A stone is projected with velocity $v$ and elevation $\theta$ from a point $O$ in a horizontal plane, so as to hit a mark $P$ at a horizontal distance $h$ from $O$, and at a height $k$ above the plane. Show that $v$, $h$, $k$ and $\theta$ are connected by the relation:

$$ h\sin\theta\cos\theta-k\cos^2\theta=\frac{gh^2}{2v^2}$$.

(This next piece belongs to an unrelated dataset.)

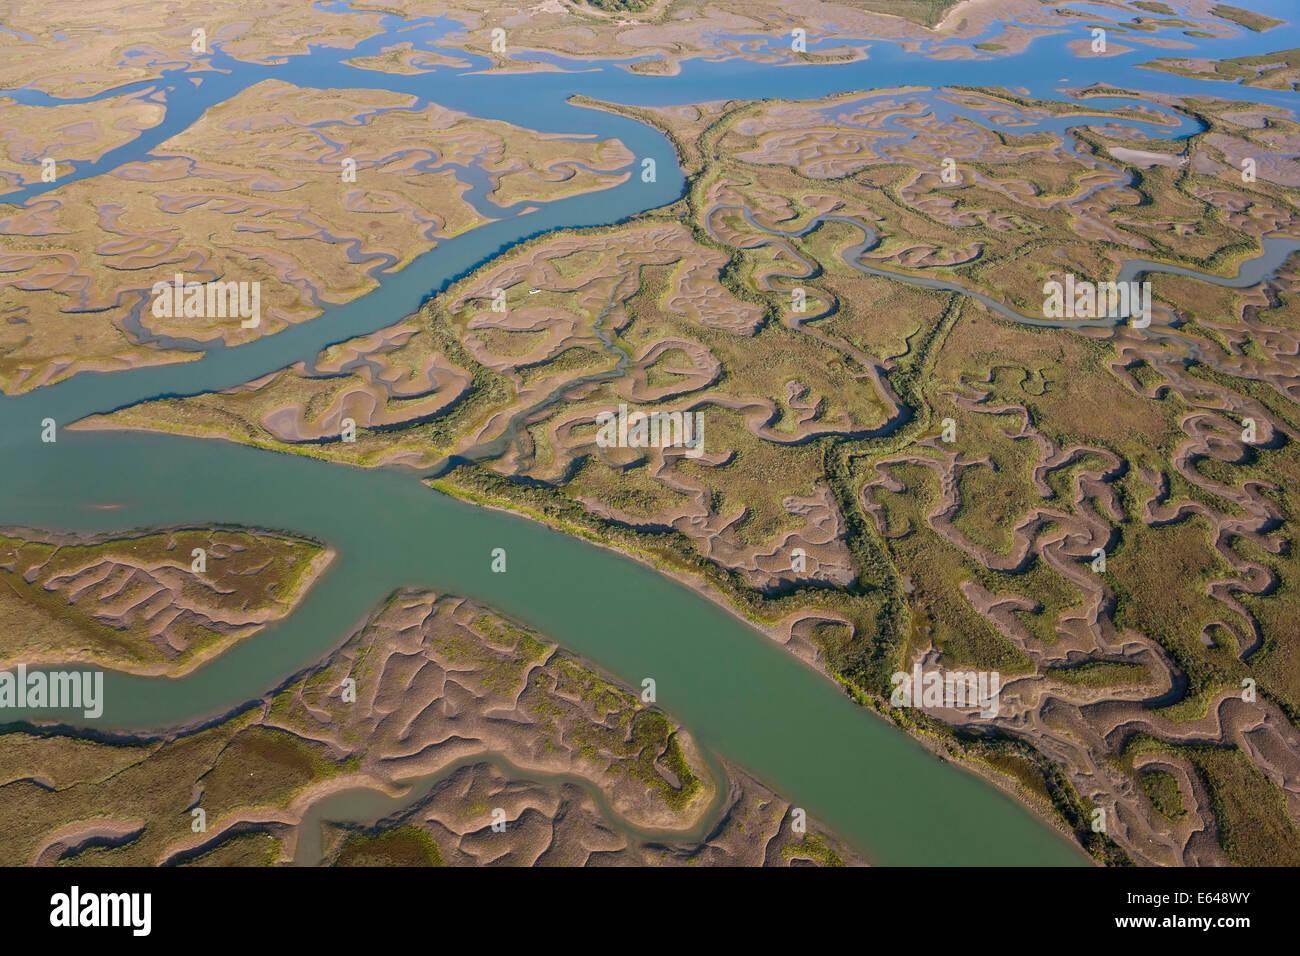 Luftaufnahme von Marschland Provinz Huelva, Spanien Stockbild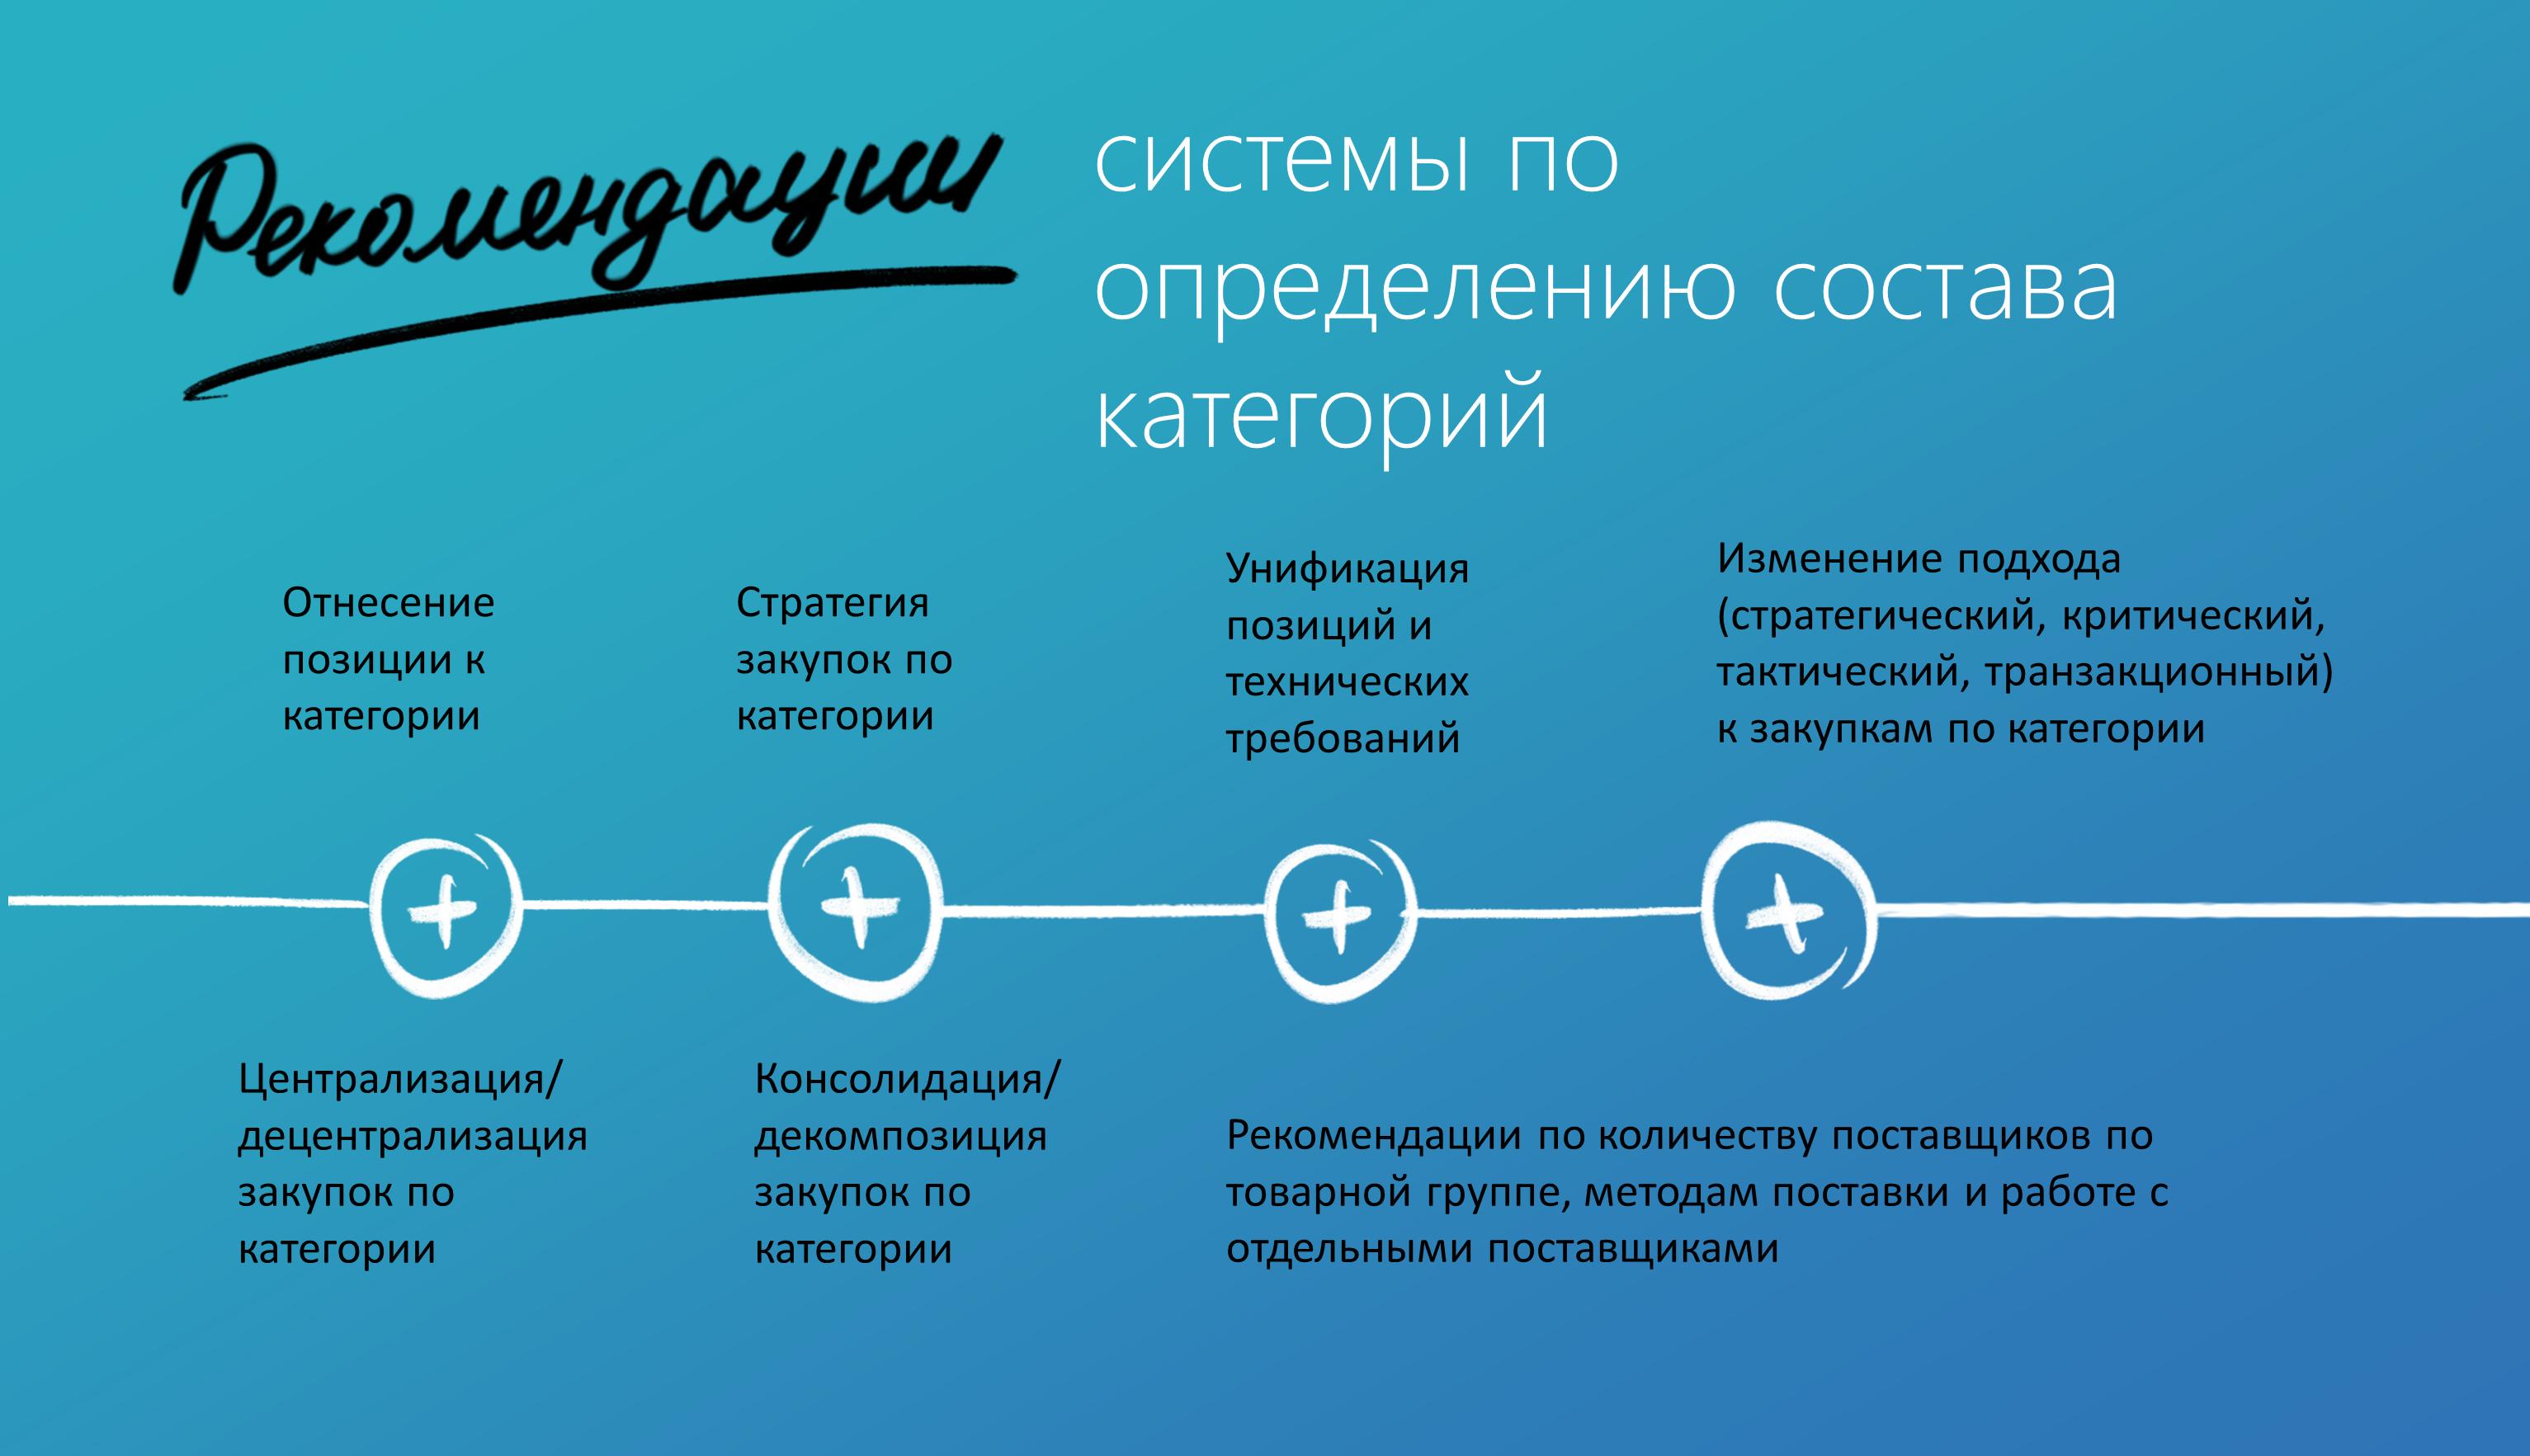 Внедрение категорийного управления и разработка категорийных стратегий

Derive the condition that $\frac{h^2}{2v^2}$ should be a maximum when $h$ and $k$ are constants, and show that is is satisfied by $\theta=\frac{\pi}{4}+\frac{\alpha}{2}$ where $\alpha$ is the elevation of $P$ from $O$.

Question 4

In an Attwood’s machine, a mass of $2$ pounds is attached to each end of the cord. An additional mass of $0.6$ pound is placed on one side and is found to produce a velocity of $4.72$ feet per second at end of a descent from rest of $4$ feet. Compare this result with that given by the simple theory. Express in ft-lb. the kinetic energy of the masses and the work done by the weights, and account for the difference between these quantities.

Question 5

Two uniform rods $AB$ and $BC$ weighing $150$ grams each, and of lengths $20$ cm. and $40$ cm. respectively are freely jointed together at $B$. They are maintained in a horizontal straight line by three vertical strings, one attached to a point $D$ in $AB$, $6$ cm. from $A$, and the others at $B$ and $C$. Find the tensions in the strings.

Question 6

A uniform square lamina, $ABCD$ of 9 in. side, is divided into two parts by a line joining $A$ to a point $E$ in $DC$ where $DE=3$ in. State the distances of the centres of gravity of the triangles $ABE$ and $BCE$ from the sides $AB$ and $BC$. Find the distance of the centre of gravity of $ABCE$ from $AB$ and $BC$.

Question 7

A uniform rod, $106$ cm. long and weight $150$ grams, is suspended from a fixed point by strings $90$ cm. and $56$ cm. long attached to the ends of the rod. Find the tension in each string.

Question 8

Two particles $m_1$ and $m_2$ moving along the axes $OX$ and $OY$ respectively towards $O$ with velocities $u_1$ and $u_2$ collide at $O$. What are the components of the velocity of centre of gravity before the collision? Why do they remain unaltered by the collision? Show that the kinetic energy of the particles is equal to the kinetic energy of a mass $m_1 + m_2$ moving with velocity of the centre of gravity and a mass and a mass $\frac{m_1 m_2}{m_1 + m_2}$ moving with the relative velocity of either particle with respect to the other.

Question 9

Define the term Power. A motor-car weighing $32$ cwt. is travelling at uniform speed of $27$ miles per hour on a level road. On reaching a hill which descends with a uniform gradient of $1$ in $25$, it is allowed to run free, and the speed is observed to be the same as before. Calculate the resistance of the road and the horsepower expended on the level.

Question 10

A pendulum bob at the end of a string $60$ inches long, describes a horizontal circle with the string making an angle of $30$ degrees with the vertical. Find its angular velocity and the time of describing the circle. State clearly the principles applied in the solution of this problem.